Reproduce the full listing as it stands. Images do not belong in the copy.

* **Provided material**
=== Section Start ===
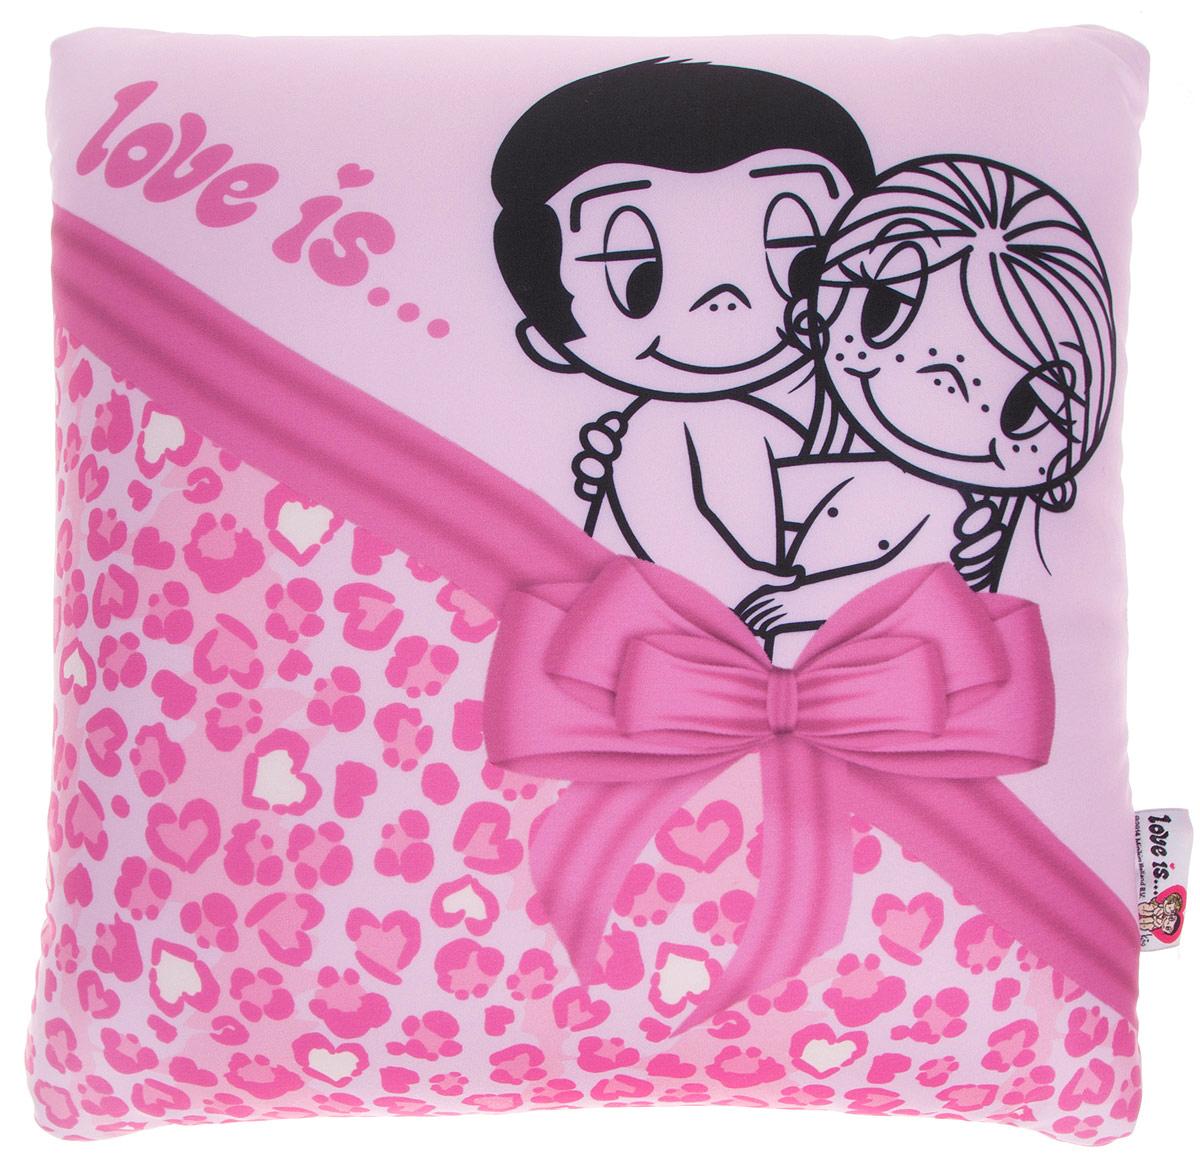 Maxi Toys Подушка Love Is цвет розовый
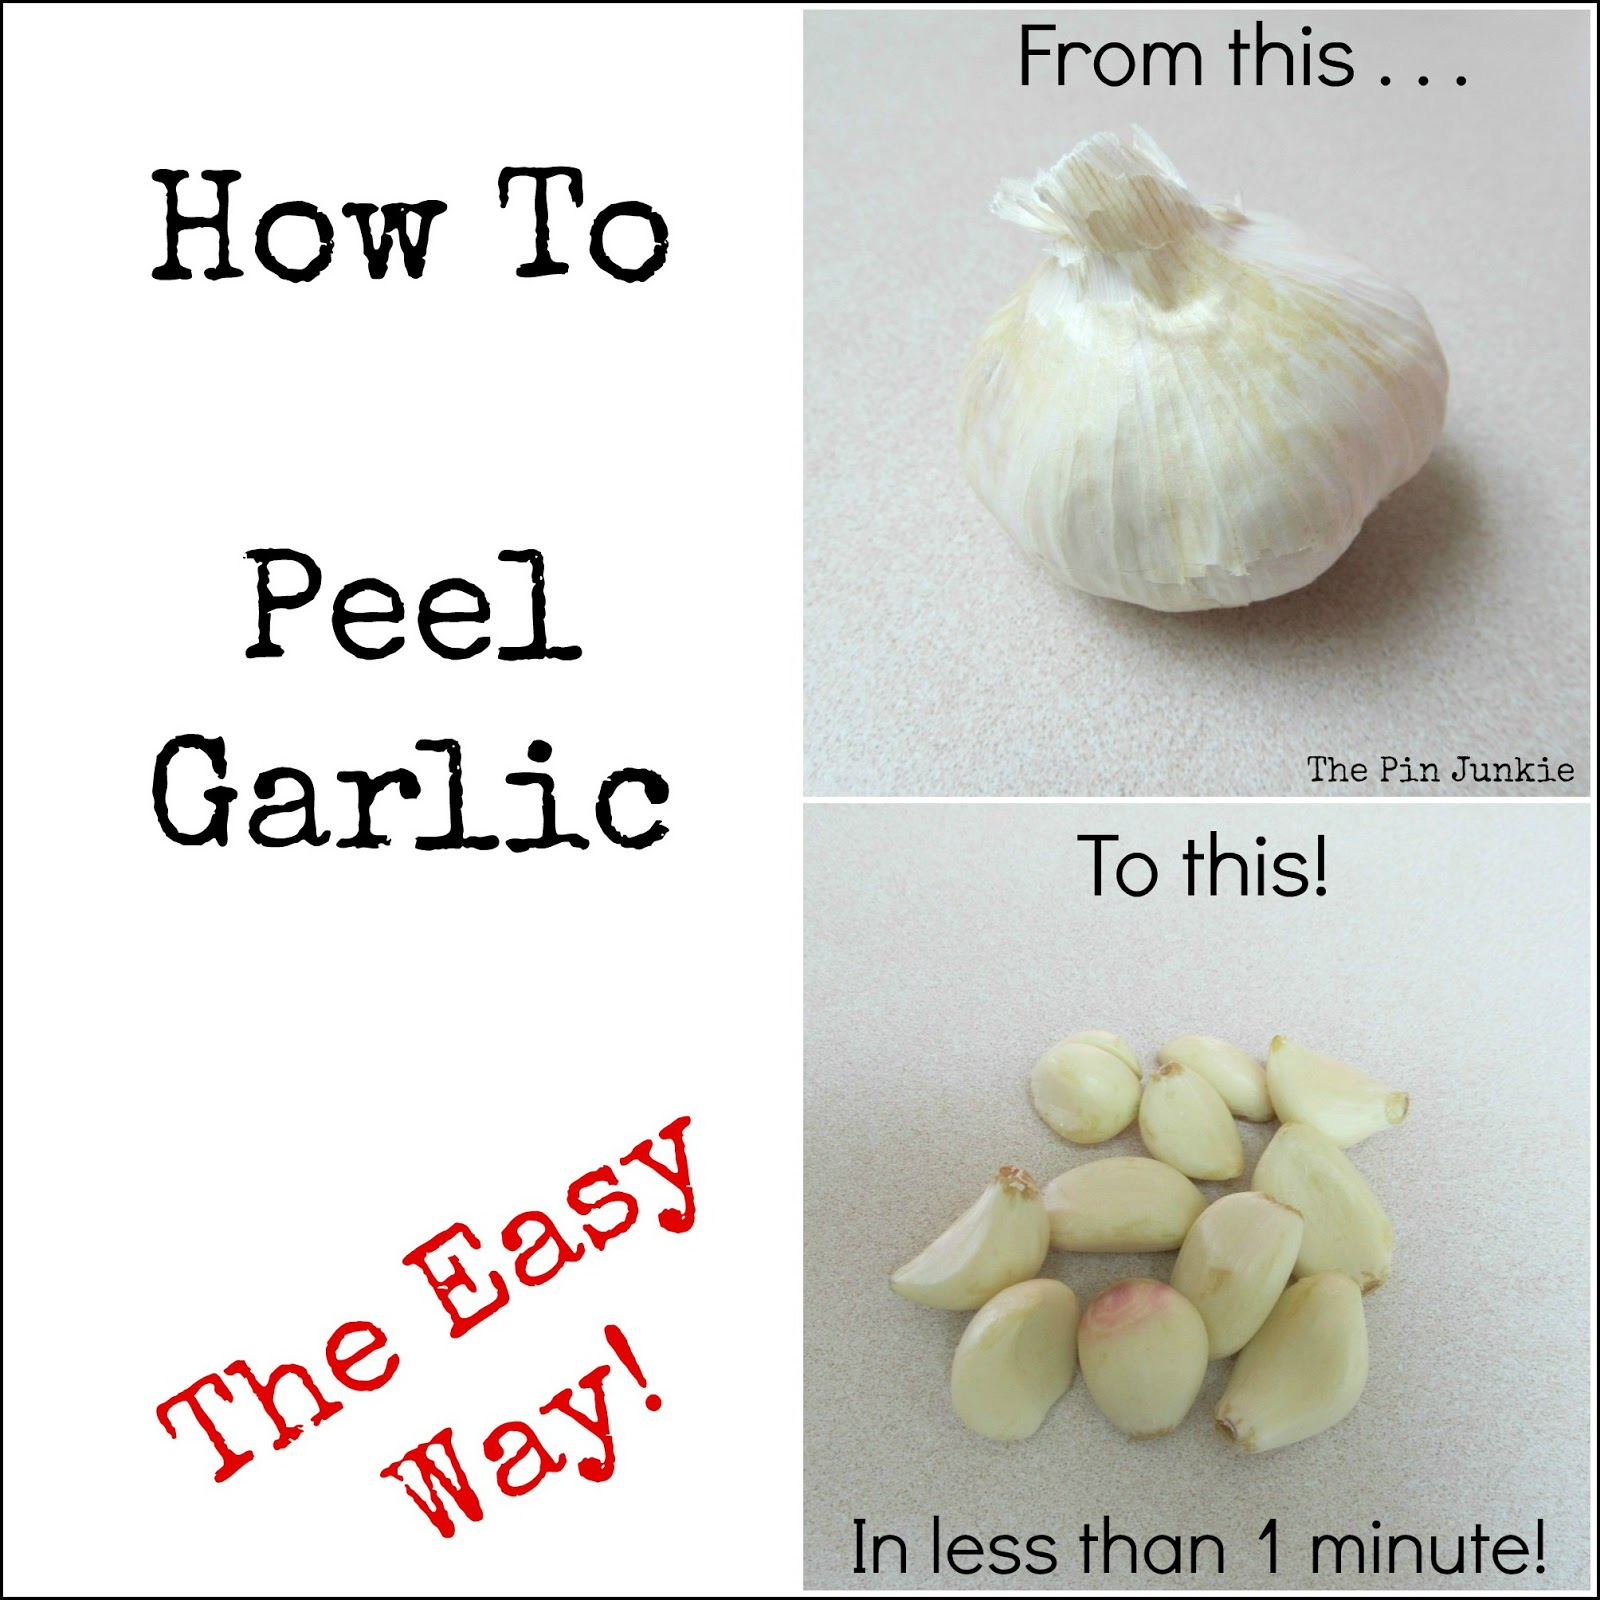 How To Peel Garlic The Easy Way
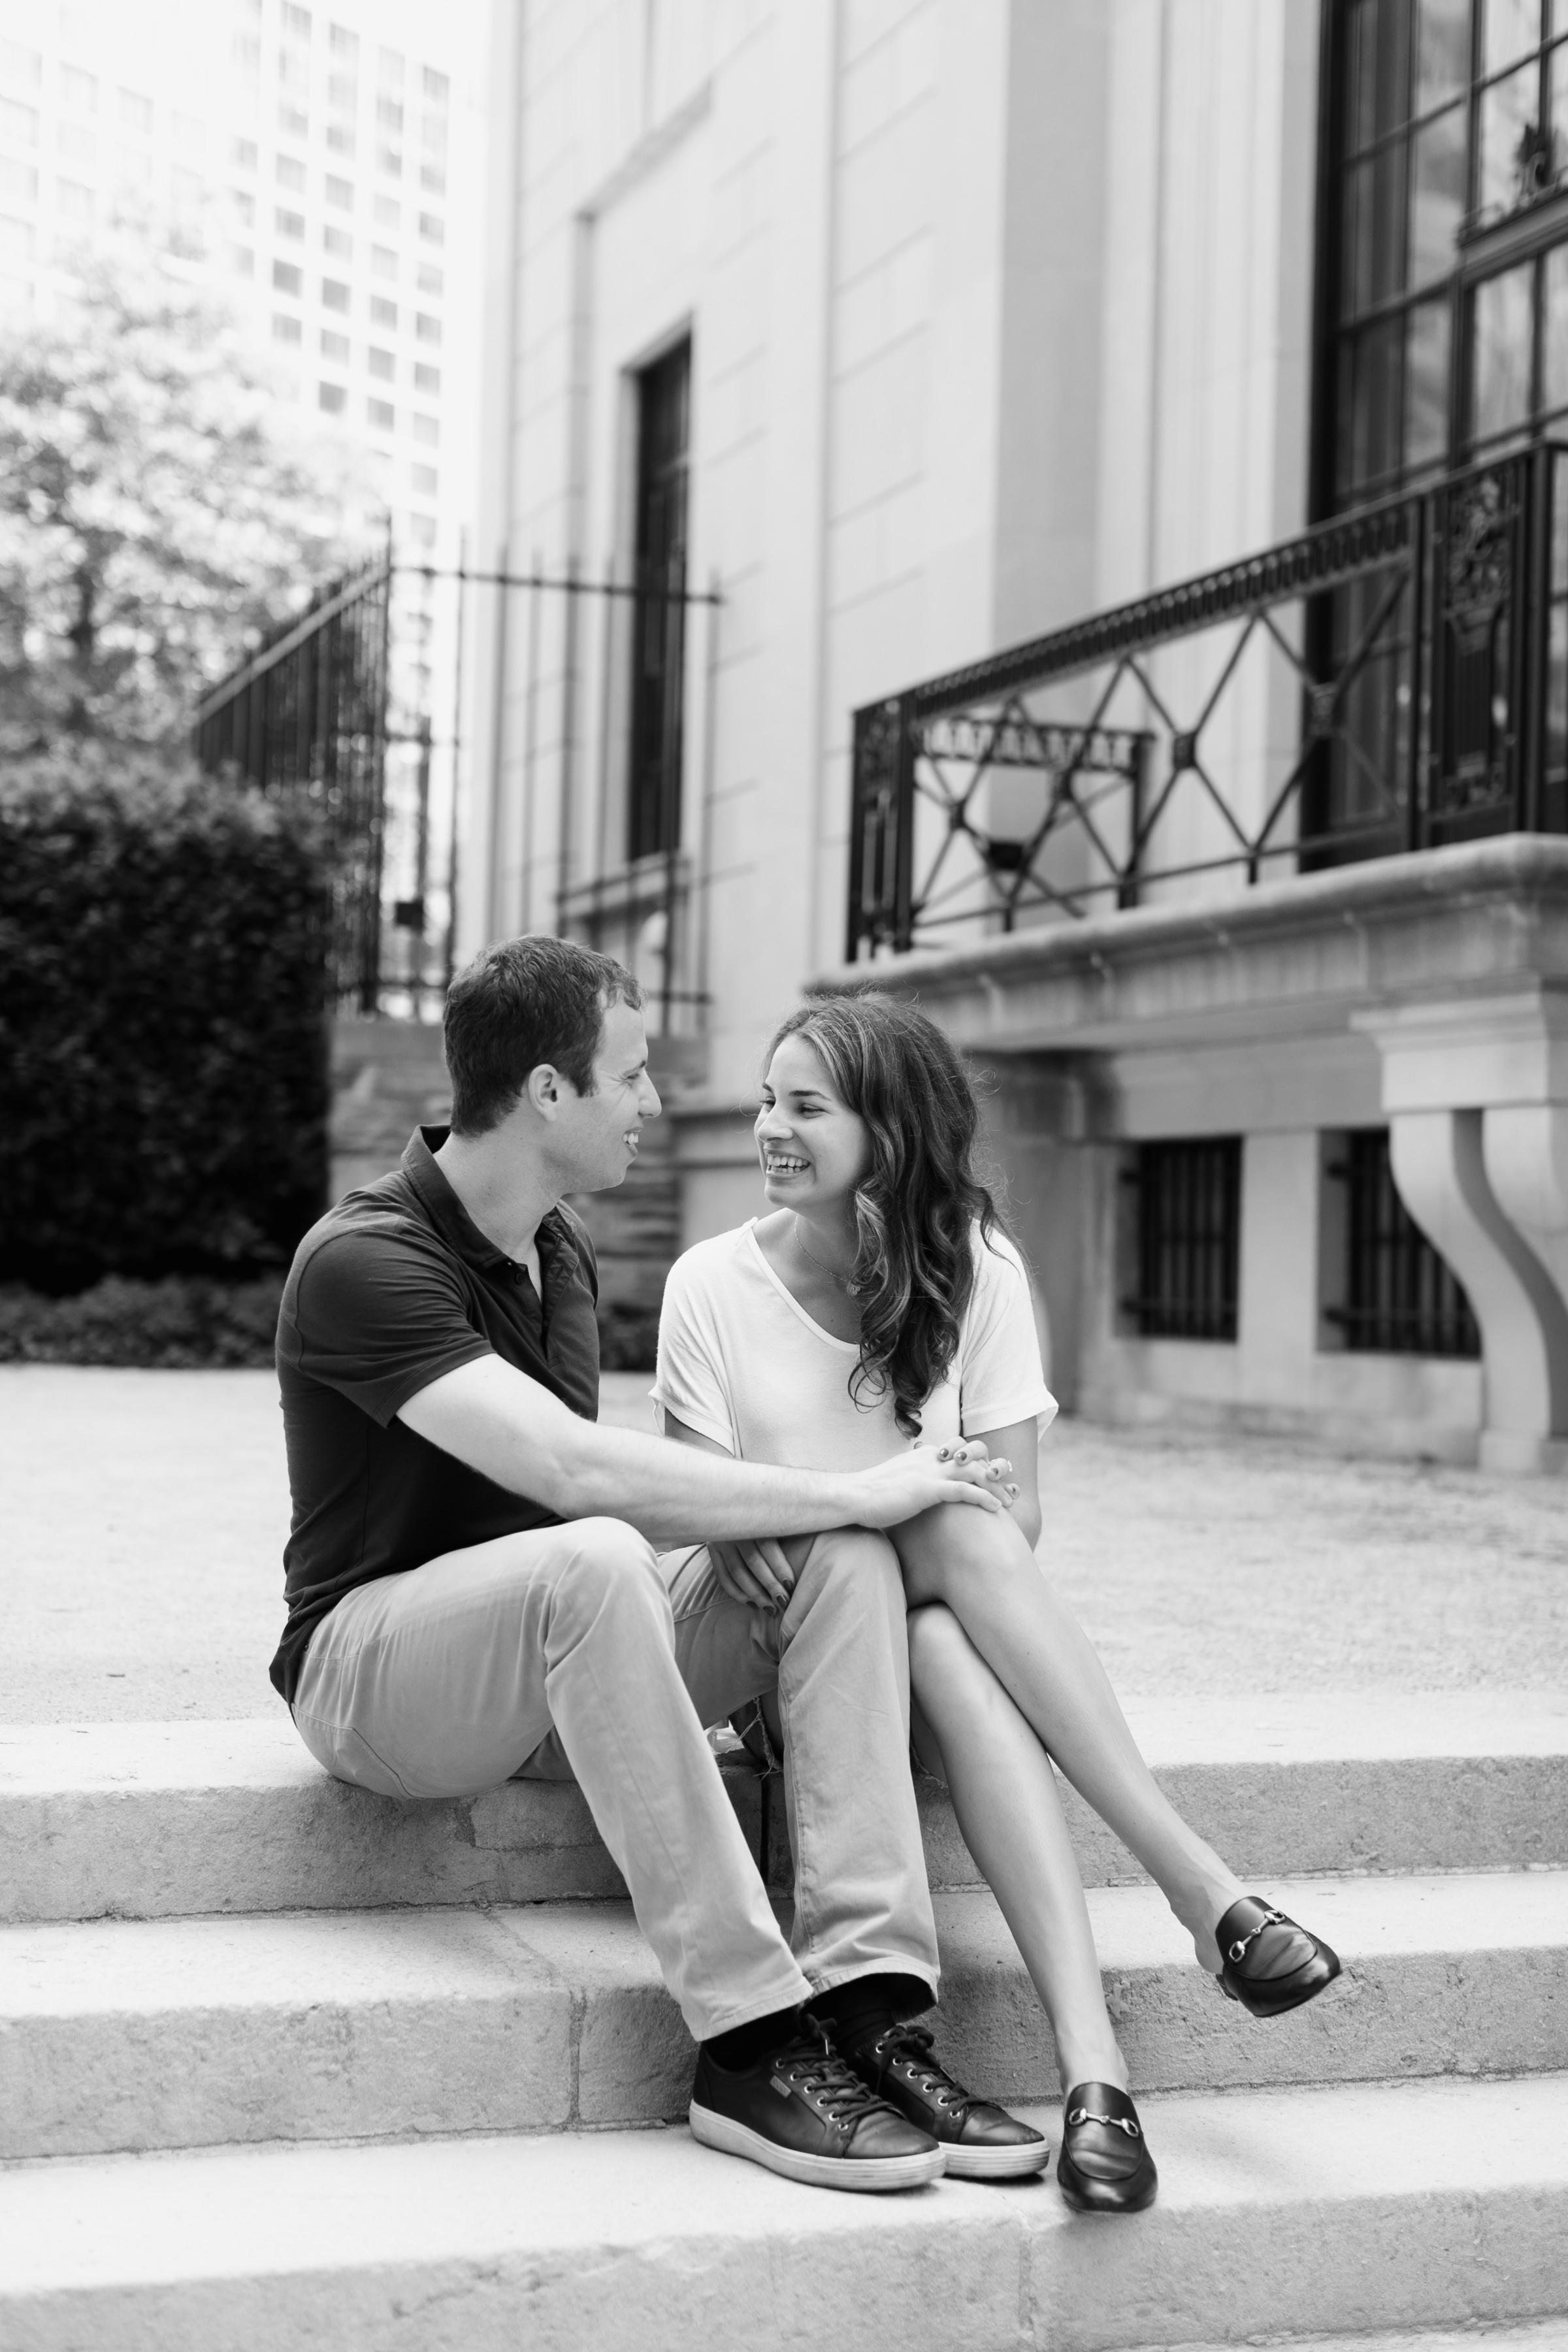 photography-natural-candid-engaged-proposal-philadelphia-wedding-rodin museum-barnes foundation-parkway-modern-lifestyle-13.JPG
=== Section End ===
* **Answer section**
 Maxi Toys Подушка Love Is цвет розовый
 How To Peel Garlic The Easy Way
 photography-natural-candid-engaged-proposal-philadelphia-wedding-rodin museum-barnes foundation-parkway-modern-lifestyle-13.JPG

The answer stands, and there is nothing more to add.